EST ISTE QUI UENIT
«Мне это должно бы быть по зубам, – подумал профессор, – но не иначе как я подзабыл латынь. Пожалуй, не вспомню даже, как по-латыни „свисток“. В длинной надписи как будто ничего сложного нет. Она значит: „Кто он – тот, кто грядет?“ Что ж, лучший способ узнать – это вызвать его свистком».
Паркинс на пробу дунул и тут же застыл: извлеченный звук поразил его, но поразил приятно. В этом тихом звуке словно слышалась бесконечность; казалось, он разносится на мили и мили вокруг. Он обладал способностью, присущей многим запахам, рисовать в мозгу картины. Паркинсу явилось на миг очень ясное видение: бескрайний темный простор ночи, порывы свежего ветра, а в середине одинокая фигура – к чему она здесь, он не понял. Может быть, он увидел бы что-нибудь еще, но картину разрушил ветер, внезапно стукнувший в раму окна. Ошеломленный, Паркинс поднял глаза и как раз успел заметить мелькнувшее за темным стеклом белое крыло морской птицы.
Звук так зачаровал профессора, что он не мог не дунуть в свисток снова, на сей раз смелее. Свист получился едва ли громче прежнего, причем повтор разрушил иллюзию: Паркинс смутно надеялся увидеть прежнюю картину, но она не вернулась. «Но что же это? Боже правый, пяти минут не прошло, а ветер уже набрал такую силу! Экий ураганный порыв! Ну вот! Я так и думал – от этой оконной задвижки никакого проку! Ох! Ну конечно – задуло обе свечи. Эдак еще всю комнату разнесет!»

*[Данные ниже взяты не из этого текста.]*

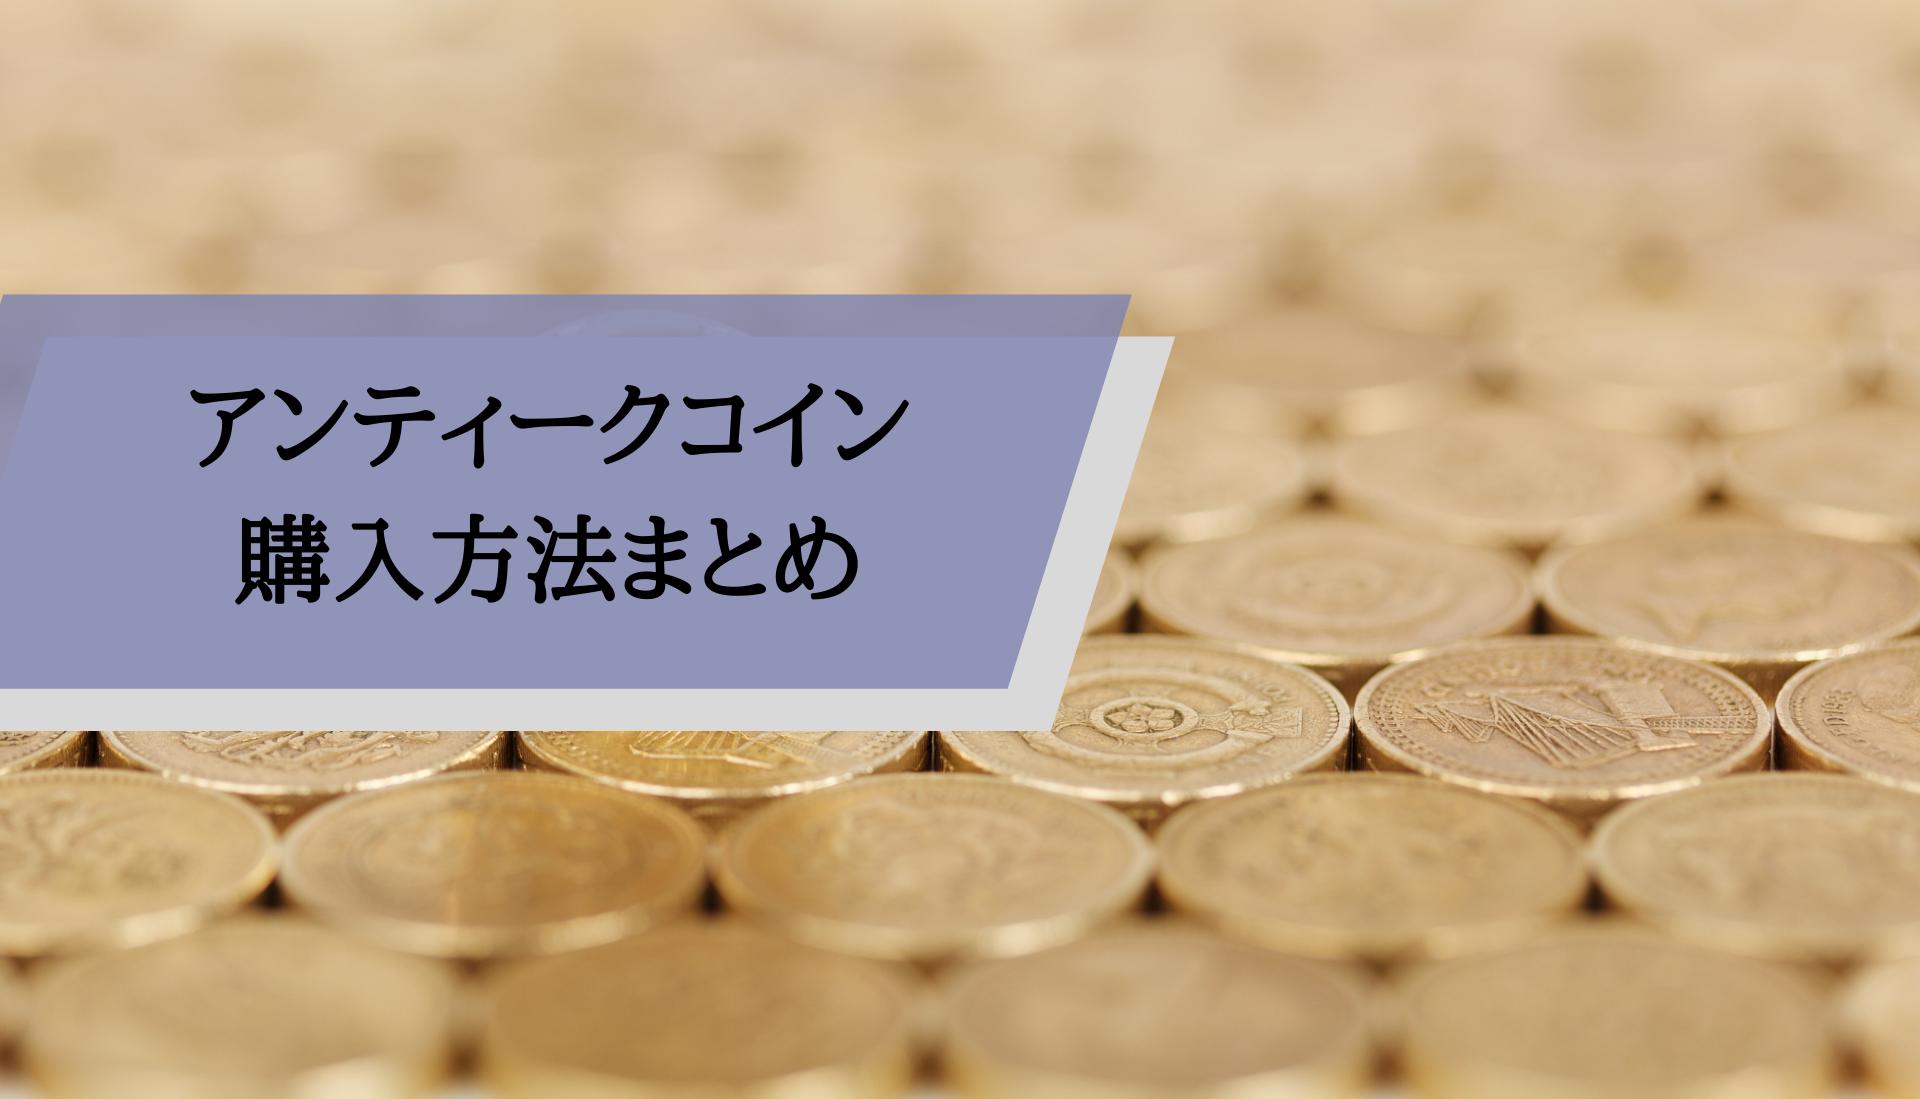 アンティークコイン買い方

Первым делом нужно было закрыть окно. Паркинс долго сражался со створкой: она напирала так отчаянно, словно в комнату упорно и неудержимо ломился грабитель. Но вдруг сопротивление разом прекратилось, рама со стуком захлопнулась, задвижка сама вернулась на место. Оставалось зажечь свечи и посмотреть, насколько пострадала обстановка. Но нет, разрушений как будто не было, и даже в окне уцелели все стекла. Правда, шум разбудил обитателей дома, по крайней мере одного из них: этажом выше послышалось ворчанье полковника и топот его необутых ног.
Ветер, поднявшийся мгновенно, улегся далеко не сразу. Он продолжал дуть, завывая под окнами иной раз так горестно, что, как сугубо объективно предположил Паркинс, мог бы нагнать страху на человека с живым воображением – и даже на того, у кого воображения нет вовсе (через четверть часа Паркинс признал и это).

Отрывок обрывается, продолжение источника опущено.